Allo stato attuale, assai vivo, in diritto civile, il dibattito attorno a peculiari fonti di obbligazione che, pur collocate sul crinale tra contratto e torto, hanno ricevuto – prima in dottrina, poi in giurisprudenza – un inquadramento nell’ambito della responsabilità contrattuale.
Queste, senza pretesa di esaurire l’argomento, le fattispecie significative:
– responsabilità precontrattuale;
– responsabilità da false (o inesatte) informazioni;
– responsabilità da cd. contatto sociale.
A) Quanto alla responsabilità precontrattuale, l’inquadramento di essa in ambito contrattuale si deve allo Jhering (il quale, secondo Castronovo, Obblighi di protezione, in Enc. giur.
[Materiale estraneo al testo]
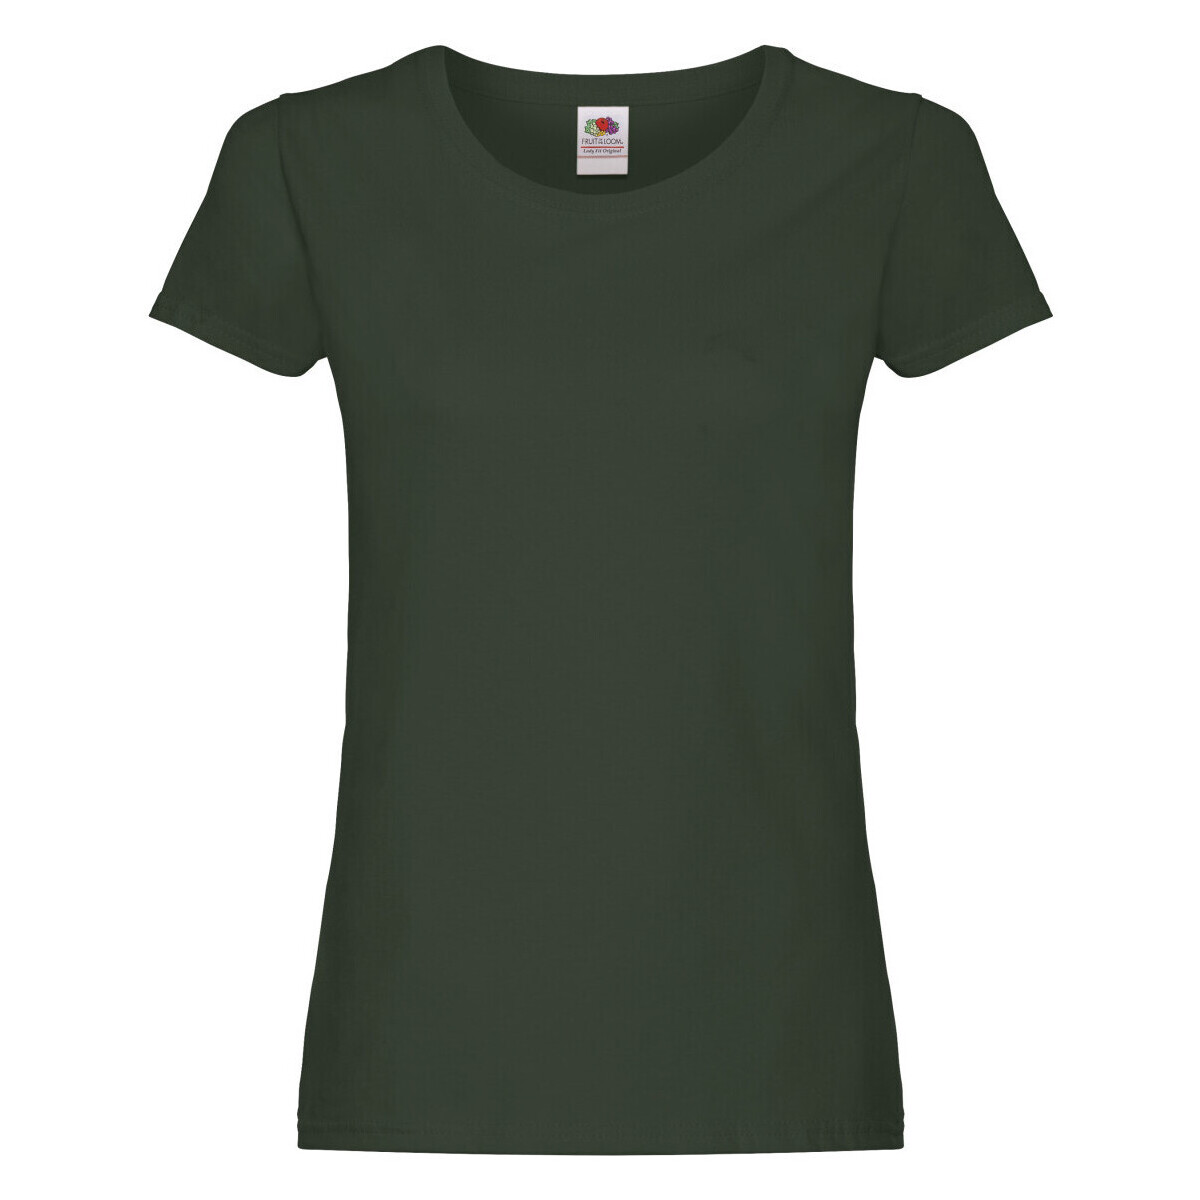 Vêtements Femme T-shirts manches longues Fruit Of The Loom 61420 Vert

Treccani, XXI, 2, Roma, 1988, «gettava un ponte tra il già danno ed il non ancora contratto dando origine a una responsabilità che nei termini di quella ex contractu consentisse il risarcimento oltre le limitazioni ex lege Aquilia e nei termini di quella aquiliana potesse essere affermata pur quando il contratto non fosse venuto a esistenza»), argomenti che hanno trovato sufficientemente discorde parte della giurisprudenza, che ne sottoscrive la natura aquiliana, stante la natura degli artt. 1337 e 1338 c.c. di norme protettive dell’altrui libertà negoziale (Cass., 30 agosto 1995, n. 9157, id., 29 aprile 1999, n. 4299, in Cons. Stato, 19 novembre 2003, n. 7473),.
In dottrina l’indirizzo aquiliano è minoritario: cfr. Bianca, Diritto civile, Il contratto, Milano, 1987.
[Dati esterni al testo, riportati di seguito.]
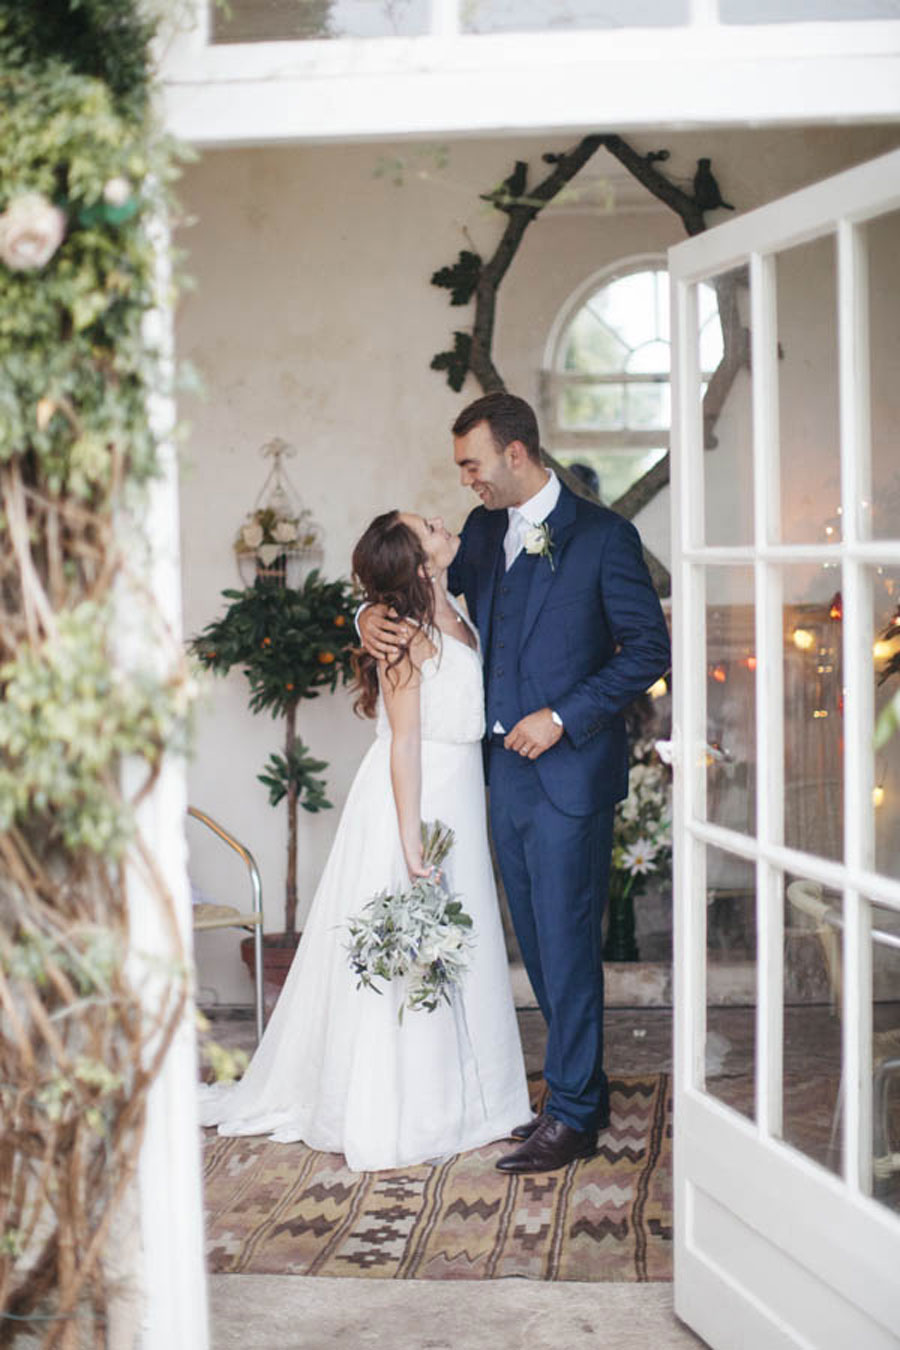 https://www.wantthatwedding.co.uk/wp-content/uploads/2016/11/Lovely-Lavender-An-Elegant-Rustic-French-INspired-Wedding222.jpg

Non dissimile quèrelle ha interessato la responsabilità da cd. prospetto informativo, che Cass., 3 marzo 2001, n. 3132 (in Foro it., 2001, I, 1139) qualifica come extracontrattuale).
B) Il tema della responsabilità da false (o inesatte) informazioni non ha avuto sorte dissimile dalla responsabilità precontrattuale, di cui si vuole costituisca una sottoclasse (Bianca, ult. op. cit., 618).
In proposito, si guardi al processo giurisprudenziale di qualificazione contrattuale della responsabilità della p.a. per informazioni non veritiere (cfr., Cass., sez. lav., 11 giugno 1992, n. 7197; conff., idd., 11 agosto 1993, cit., 2 settembre 1996, n. 8036, 8 novembre 1996, nn. 9775 e 9776, 22 maggio 2001, n. 6995, 8 aprile 2002, n. 5002, 17 dicembre 2003, n. 19340; 24 aprile 2004, n. 7859 (in Guida Dir., fasc. 28/2004, 53 ss.), 17 agosto 2004, n. 16044; tra la giurisprudenza di merito, Trib. Napoli, 10 gennaio 2006, Trib. Ravenna, 10 gennaio 2000, cit. In dottrina, Vanacore, Nota a Trib. Napoli, 10 gennaio 2006, cit., in La responsabilità civile, n. 8 – 9/2006, Casadio, nota a Trib. Ravenna, 10 gennaio 2000, cit. Contra, per la ricostruzione aquiliana, Cass., 9 febbraio 2004, n. 2424, e id., 3 marzo 2001, cit)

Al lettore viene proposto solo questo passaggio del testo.